[[ Data segment, beginning ]]

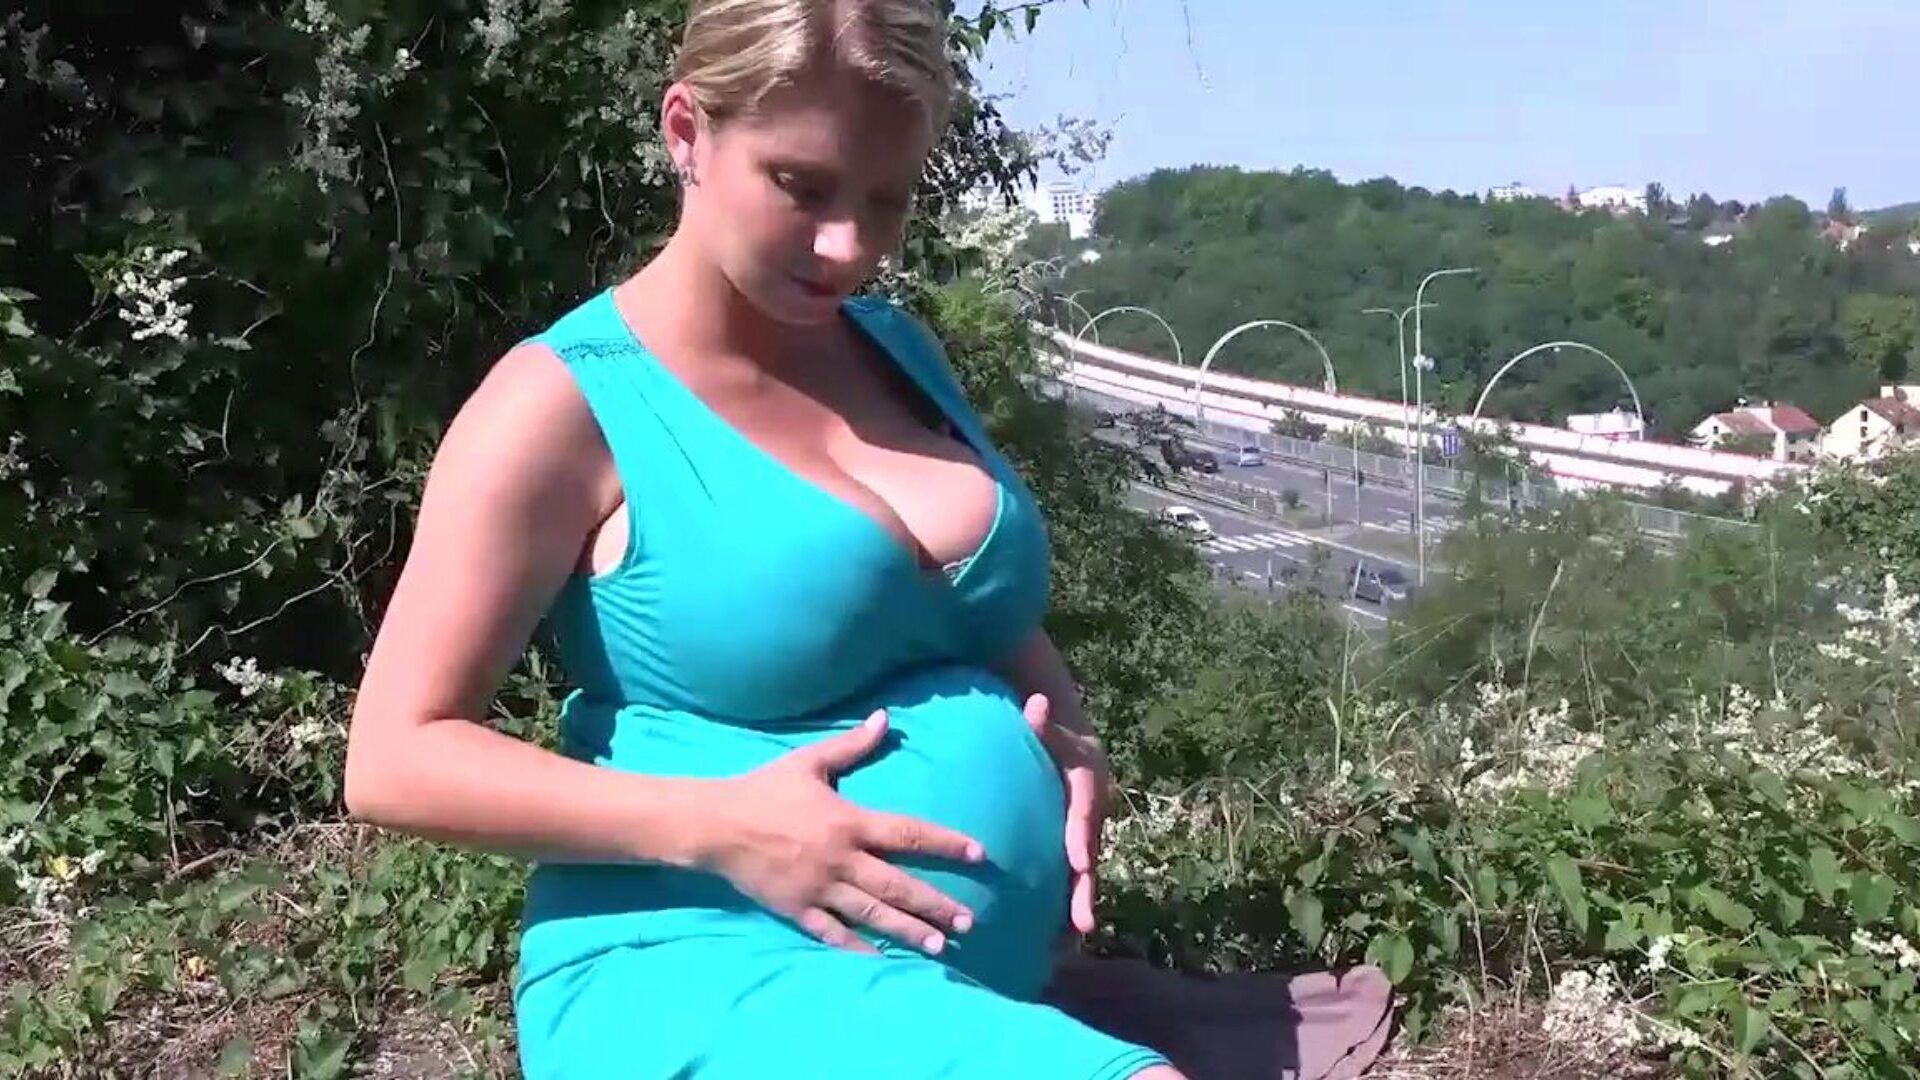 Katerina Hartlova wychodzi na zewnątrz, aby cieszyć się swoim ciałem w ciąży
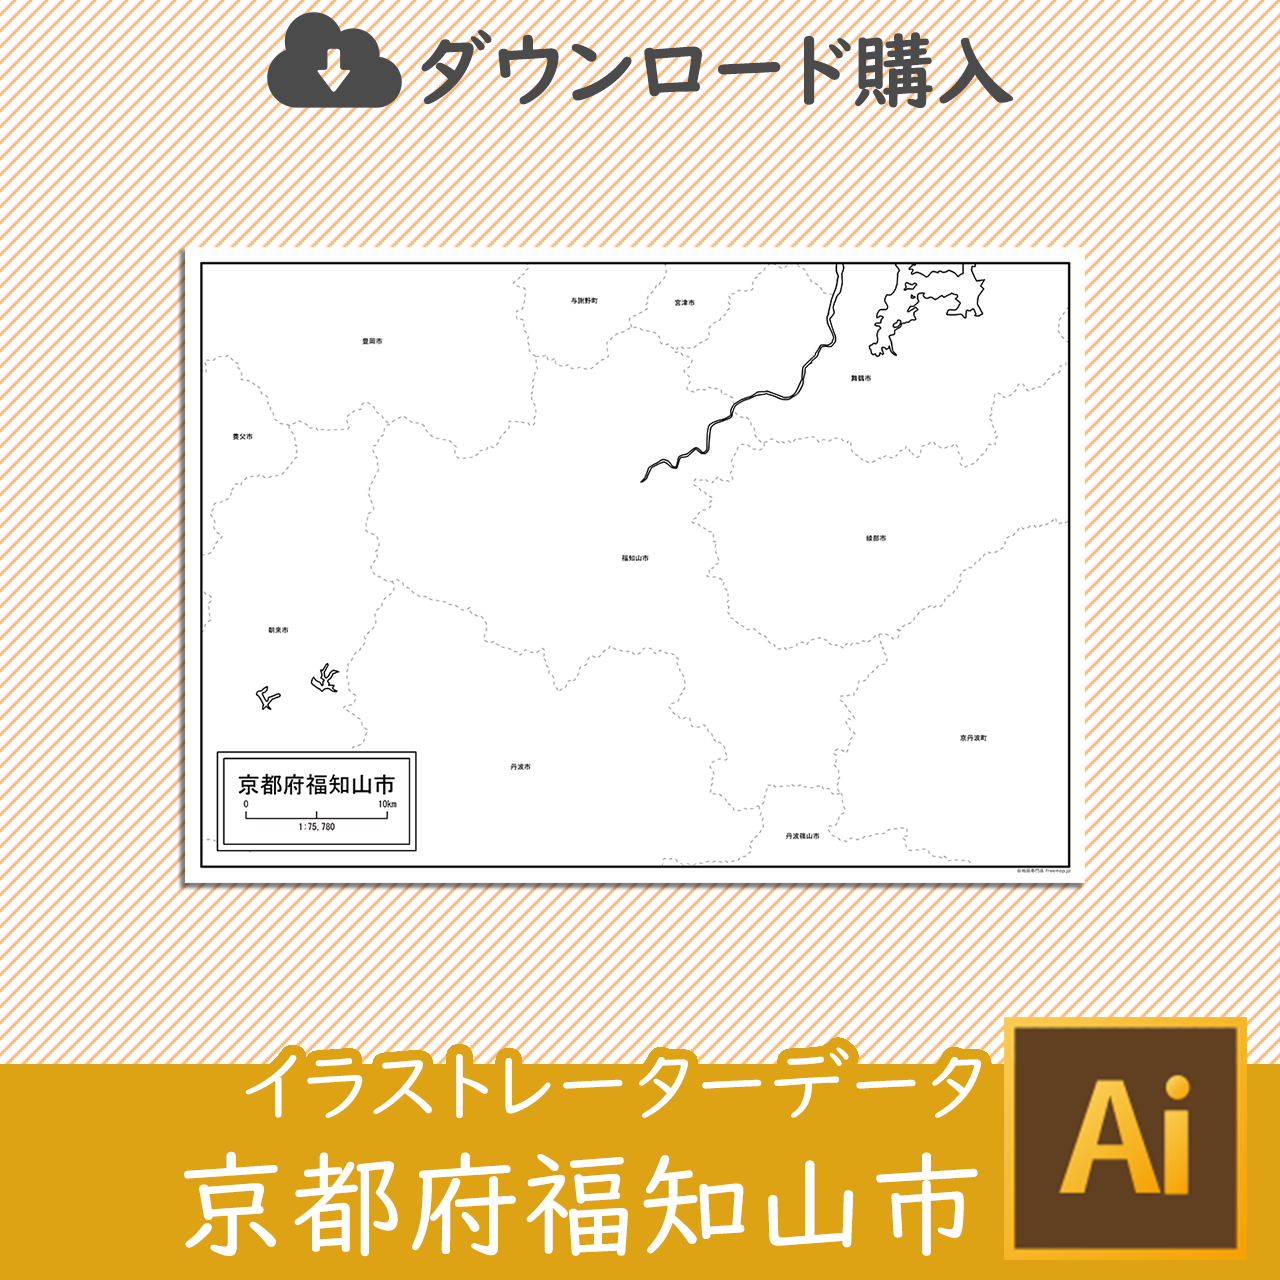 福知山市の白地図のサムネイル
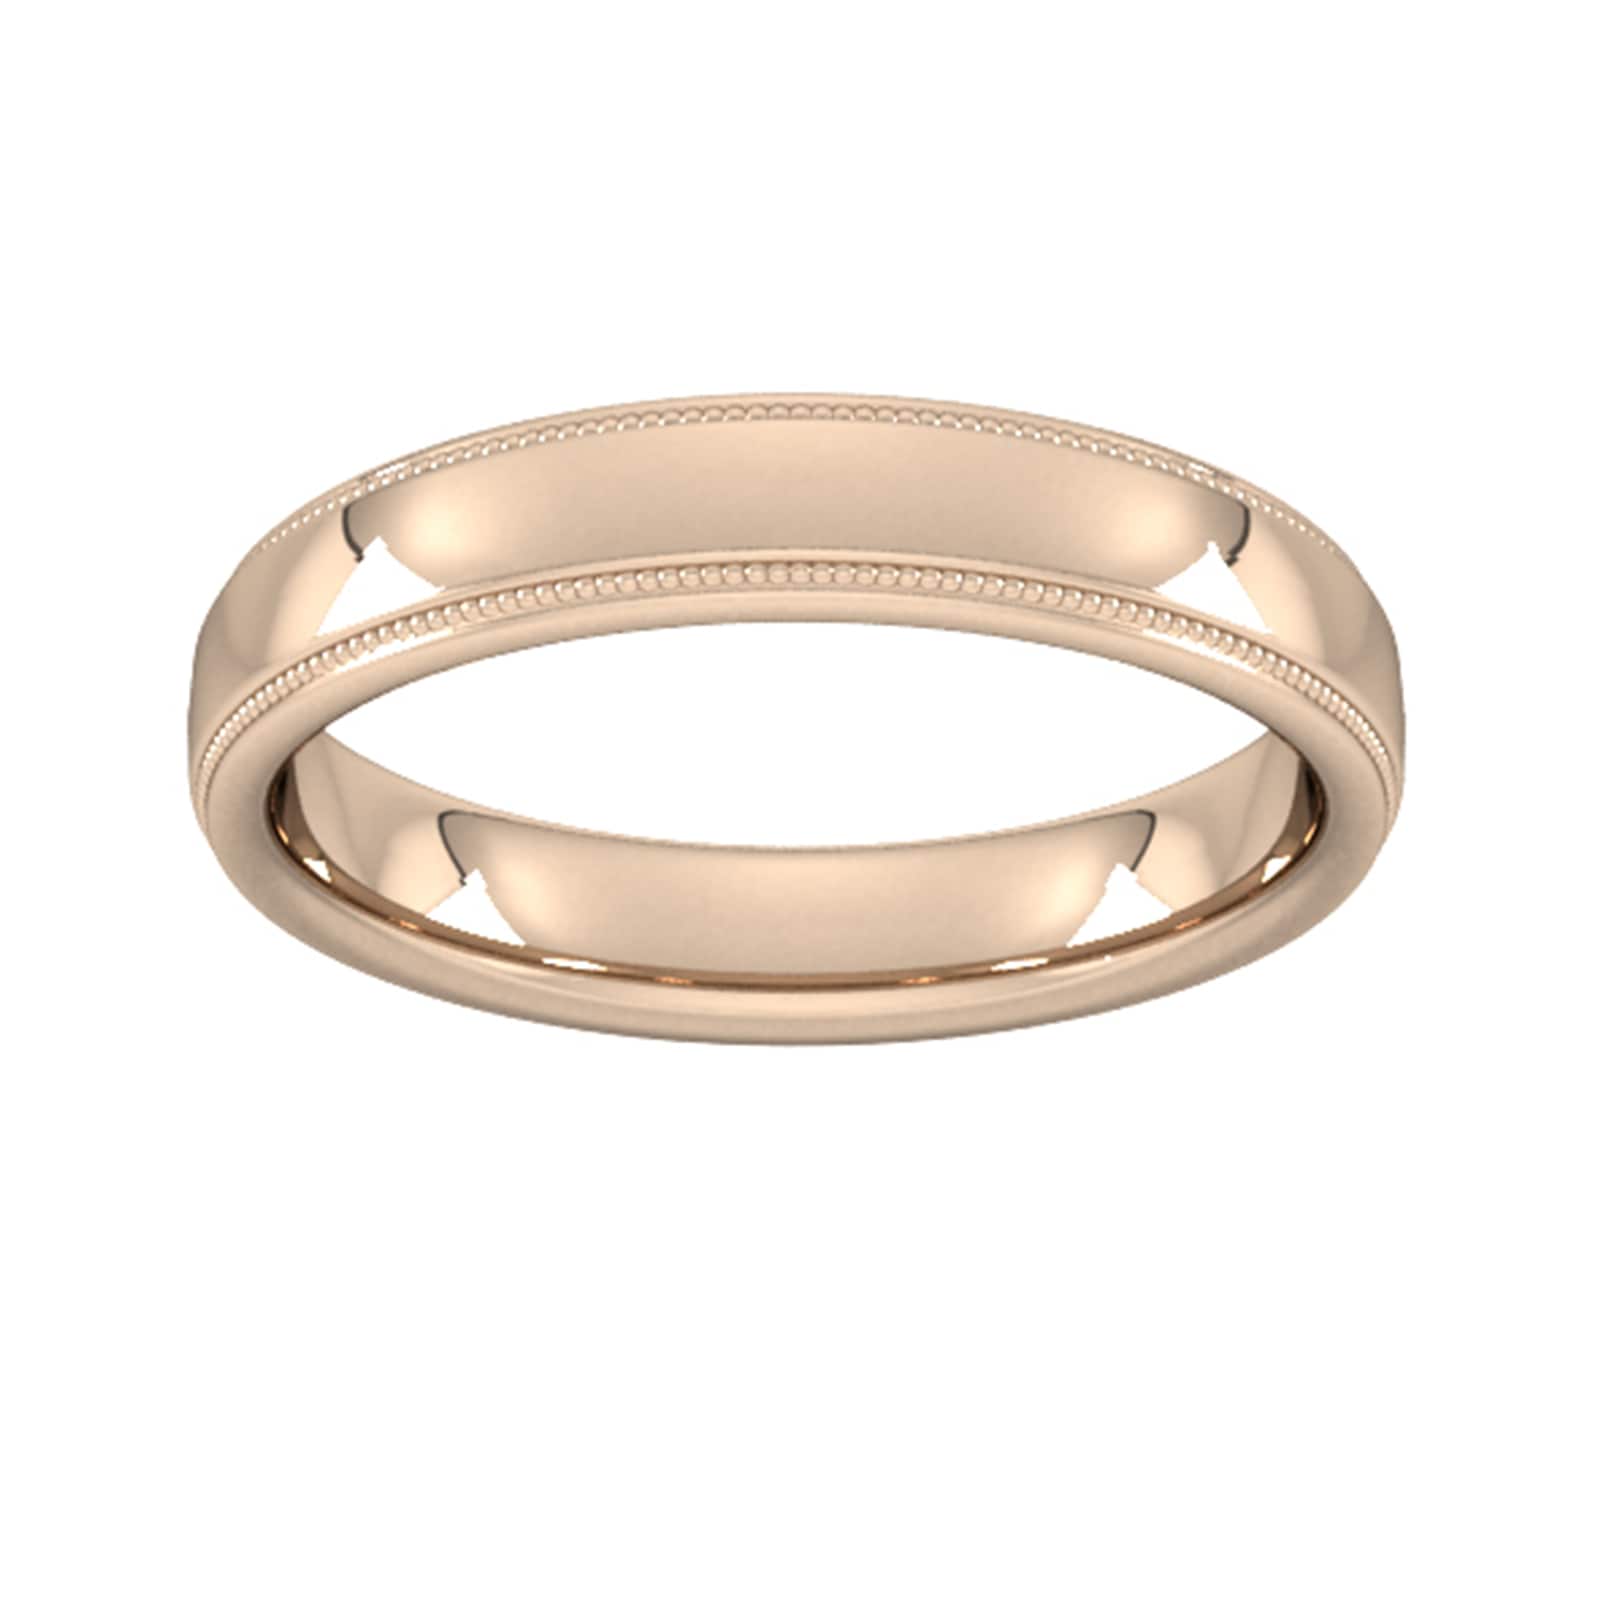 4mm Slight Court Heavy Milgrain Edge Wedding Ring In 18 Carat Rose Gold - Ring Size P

[[ Data segment, end ]]

[Goal of the exercise] Please ensure that the data above is repeated exactly, with no pictures in the copy.

[Exercise solution]
 Katerina Hartlova wychodzi na zewnątrz, aby cieszyć się swoim ciałem w ciąży
 福知山市の白地図のサムネイル
 4mm Slight Court Heavy Milgrain Edge Wedding Ring In 18 Carat Rose Gold - Ring Size P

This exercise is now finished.